# YOUR OBJECTIVE
Take the lines below beginning at the line that has "5 Practical Ways" and stopping after the line that has "A mold remediation", and print them exactly as they are, with no other lines.

------ DATASET CONTENT ------

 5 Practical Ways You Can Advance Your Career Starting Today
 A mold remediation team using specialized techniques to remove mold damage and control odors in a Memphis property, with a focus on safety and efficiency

------
------ DATASET CONTENT ------

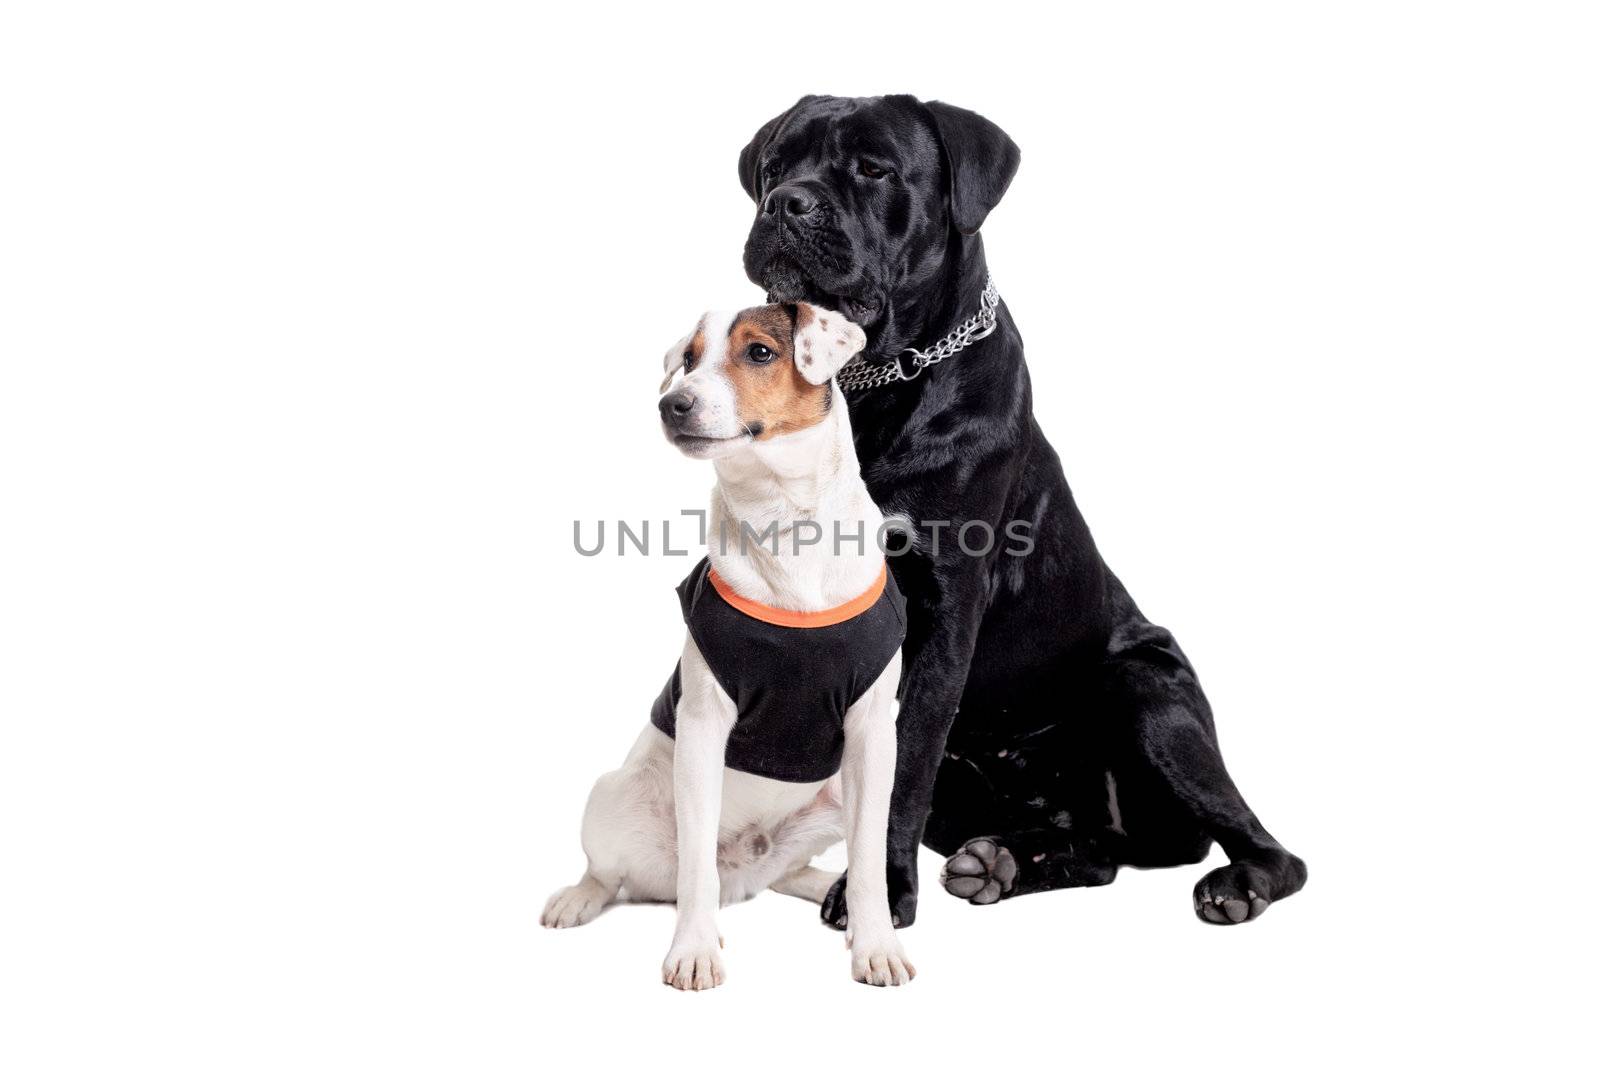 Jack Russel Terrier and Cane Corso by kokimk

------

# EXERCISE ANSWER
 5 Practical Ways You Can Advance Your Career Starting Today
 A mold remediation team using specialized techniques to remove mold damage and control odors in a Memphis property, with a focus on safety and efficiency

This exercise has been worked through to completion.